The new releases from open-source network virtualization projects keep coming.
A day after the OpenDaylight Foundation unveiled the fifth release of its open software-defined networking (SDN) platform—dubbed “Boron”—the ONOS Project on Sept. 22 introduced the eighth release of its SDN operating system for service providers and enterprises, code-named “Hummingbird” and offering improvements in southbound and northbound protocols and support for incremental SDN on legacy networking devices.
Four days later, the Open Project for NFV (network-functions virtualization)—or OPNFV—rolled out “Colorado,” the group’s third platform release. It takes advantage of the previous two releases while adding feature enhancements around security, IPv6, service-function chaining (SFC), VPN capabilities and support for multiple hardware architectures, according to officials.

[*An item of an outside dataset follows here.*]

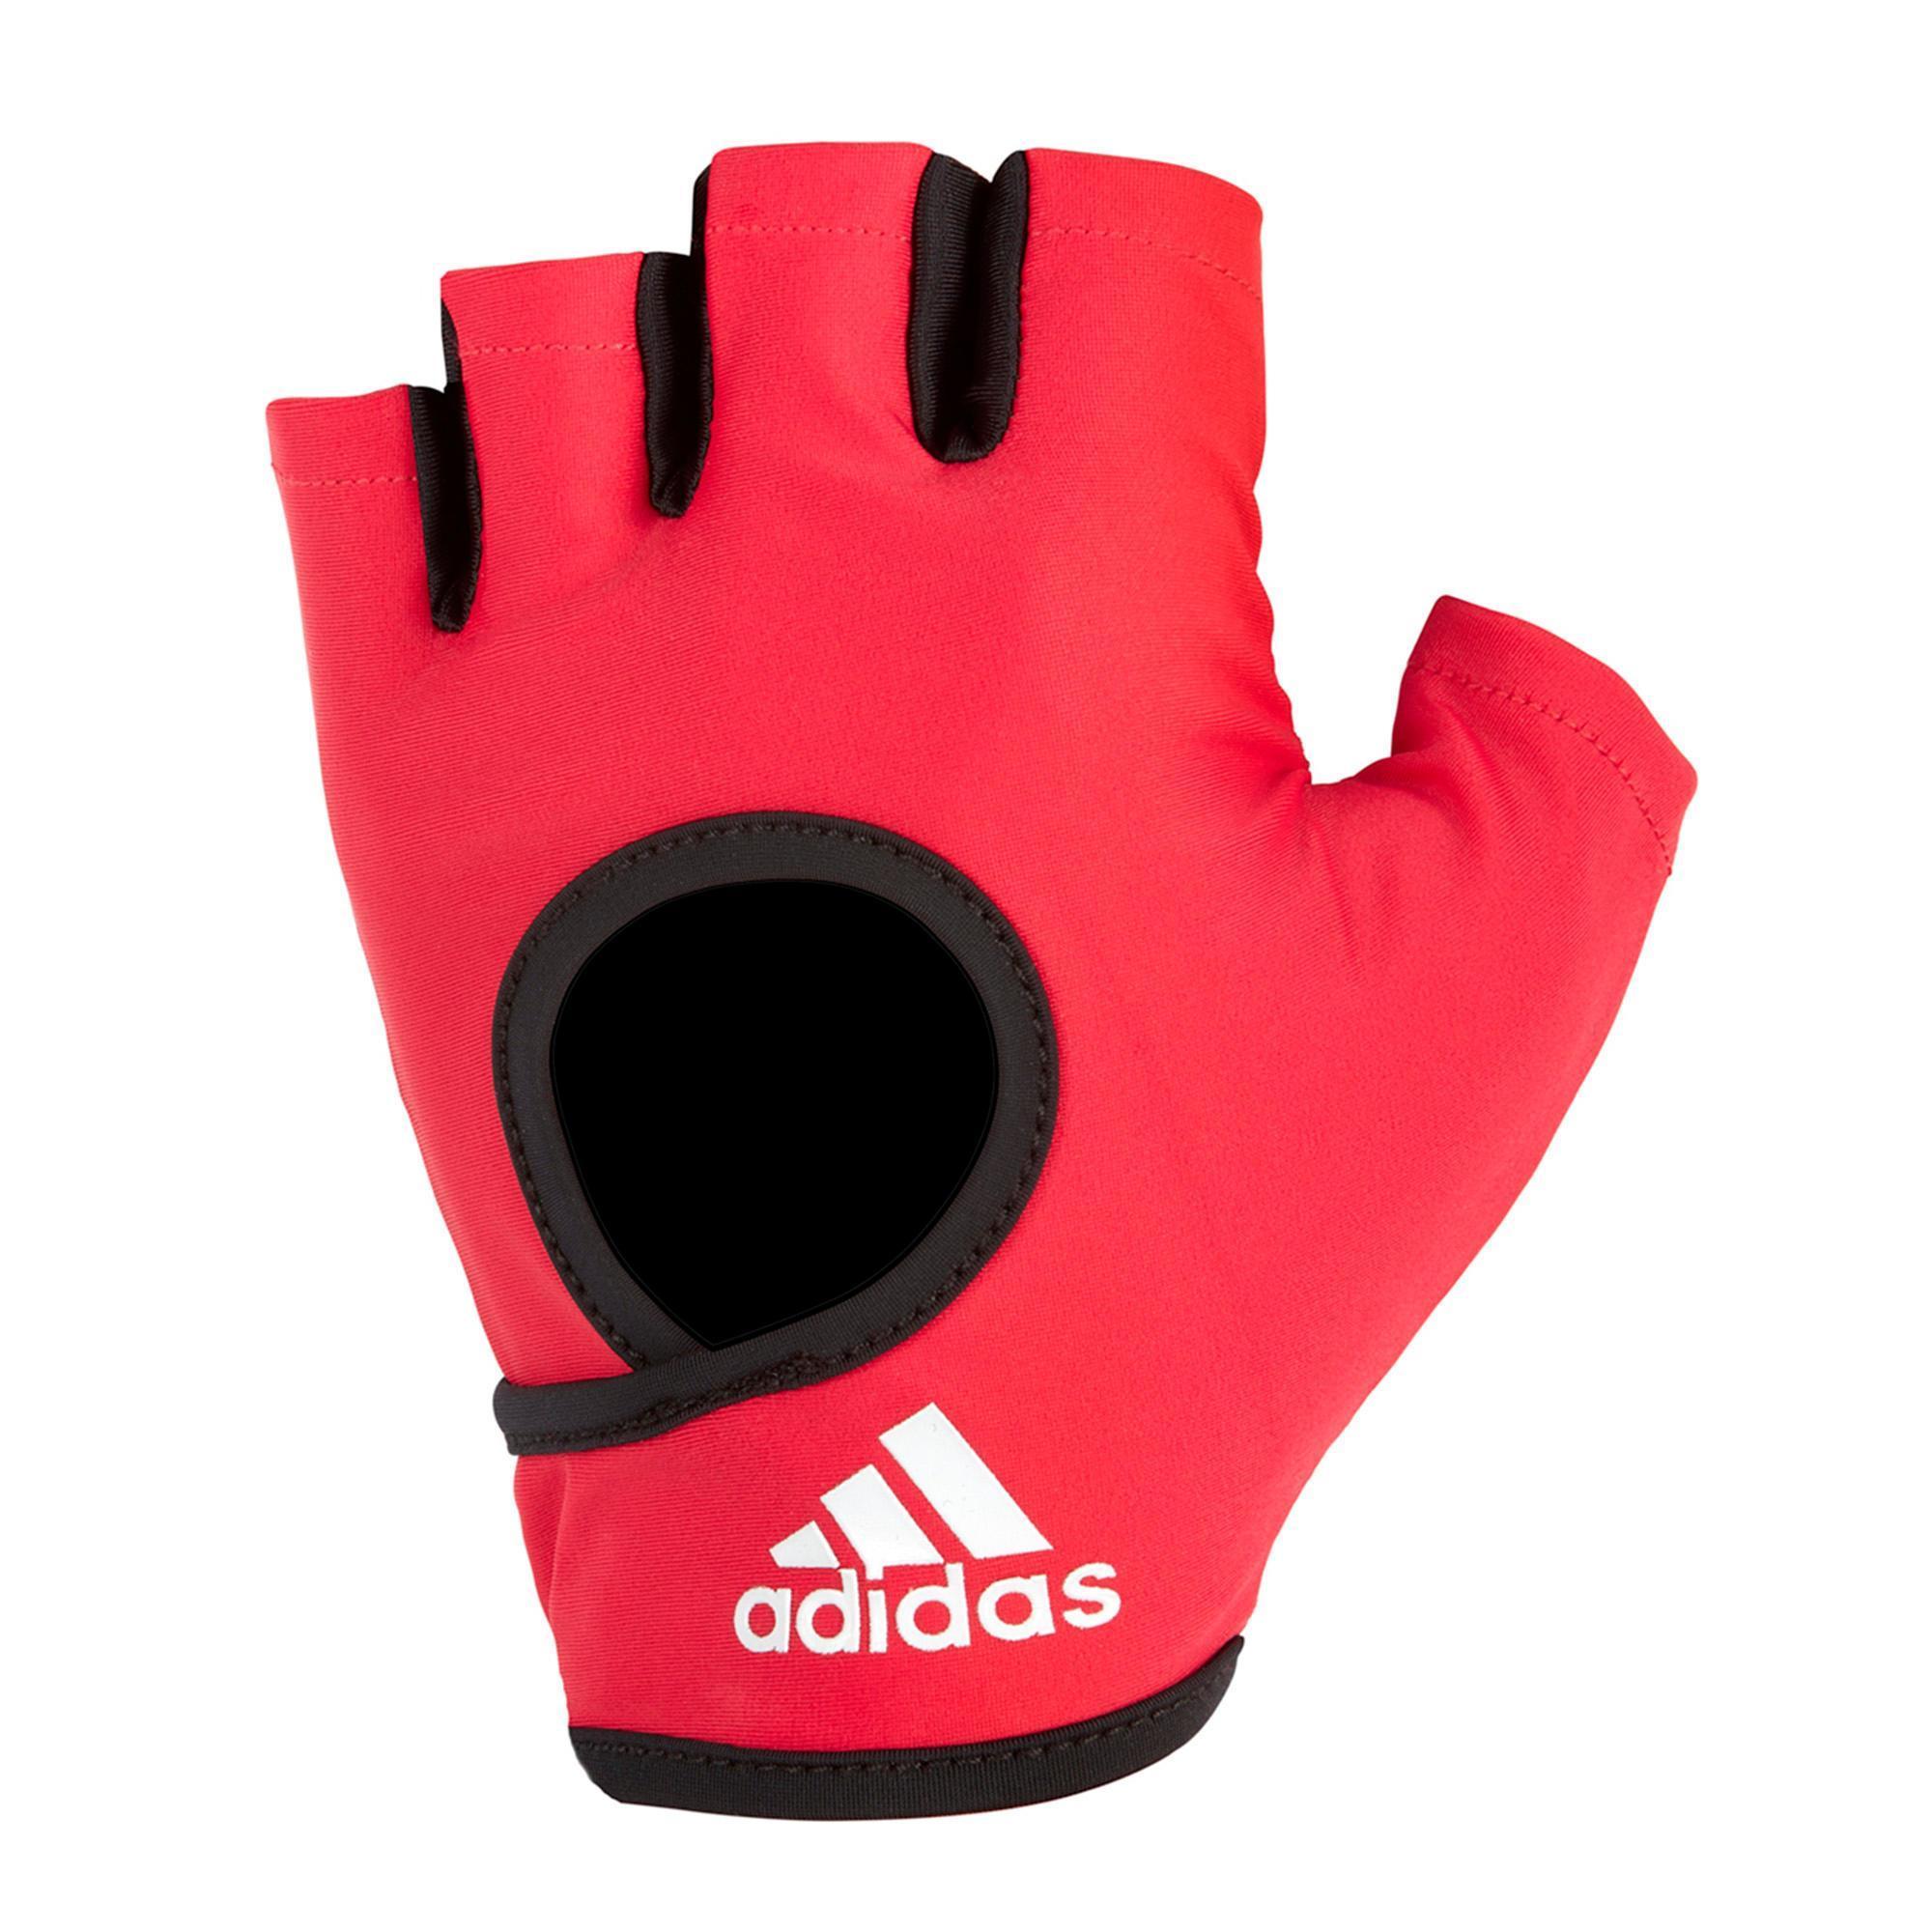 37b68d100d6 Fitness handschoenen adidas performance camo xl € 20.00 bij Blokker · Adidas  Traininghandschoenen Climalite

“We’re seeing a maturity of process with the Colorado release, reflected by things like achievement of the CII [Core Infrastructure Initiative] Best Practices badge for security and the growing maturity of our testing and DevOps methodology,” Chris Price, chairman of the OPNFV Technical Steering Committee and open-source manager for SDN, cloud and NFV at Ericsson, said in a statement.
The releases illustrate the amount of work being done to create open platforms for network virtualization. SDN and NFV are designed to enable businesses and service providers to build scalable, programmable and agile networks that can meet the demands from rapidly changing data center and IT environments driven by such trends as greater worker mobility, the internet of things (IoT), data analytics, video-based traffic and the cloud.
The technologies remove the control plane and networking tasks, such as load balancing, routing and firewalls, from expensive and complex hardware, and put them into software that is easier to manage and runs on less-expensive industry-standard systems.
OpenDaylight, ONOS and OPNFV are industry consortiums created with the goal of developing open platforms around these technologies that give vendors someone on which to build products. It also reduces the risk to customers of vendor tie-in and gives them more flexibility as they build out their software-defined networks. All three groups are projects under the auspices of the Linux Foundation.
OpenDaylight and ONOS are tackling some of the same issues, which calls into question whether they are helping or hindering efforts toward standardization. In a post on the OpenDaylight blog after ONOS joined the Linux Foundation in October 2015, OpenDaylight Executive Director Neela Jacques noted those concerns but wrote that, ultimately, having both will be beneficial to end users.
“Key users such as AT&T have shared with us that there’s currently no single technology that solves all of their problems,” Jacques wrote. “Some end users and vendor organizations see strong reasons to support both ONOS and OpenDaylight at this time. Just like sibling projects OpenDaylight and OPNFV, hosting both ONOS and OpenDaylight under one umbrella allows us to both continue innovating, but also drives us toward greater synergies and ways to leverage each other.”
Included in the new features for ONOS’ Hummingbird are improved southbound protocols that will enable the ONOS OS to include more support for network devices from Cisco Systems and Arista Networks, new northbound capabilities for improved interoperability, and ways for applications to interact via message bus integration with such technologies as RabbitMQ from Adara and Kafka from Calix.
New features also offer greater scalability capabilities for large networks and new Yang modeling and management capabilities from Huawei Technologies to support incremental adoption of SDN in legacy networks. In addition, Huawei has broadened ONOS commercial support with a new controller, Agile Controller 3.0, based on ONOS.
“Hummingbird is the ideal platform to deliver the full SDN value proposition to service providers,” Bill Snow, vice president of engineering at ON.Lab, said in a statement. “Hummingbird delivers important advancements not only in the core control functions, but also in support of automation and configuration of legacy and OpenFlow-enabled devices to serve the growing set of use cases being tackled by service providers today and into the future.”
With Colorado, OPNFV included enhanced security via the CII Badge for best practices in open-source development and continued prototyping identity federation and management for OpenStack and OpenDaylight, according to officials. In addition, SFC can now run across multiple nodes and includes support for VNF (Virtual Network Functions) Manager installation and for enhanced cloud scenarios, and there is improved IPv6 support in Colorado around IPv6-only deployments and full underlay and overlay support.
Colorado also includes full support for multiple hardware architectures, including x86 and ARM.
“Colorado represents a more robust version of OPNFV’s previous ‘Brahmaputra’ platform,” OPNFV Director Heather Kirksey said in a statement. “The OPNFV community, in close collaboration with other upstream communities, has delivered enhanced capabilities most important to the NFV platform growth and maturity.”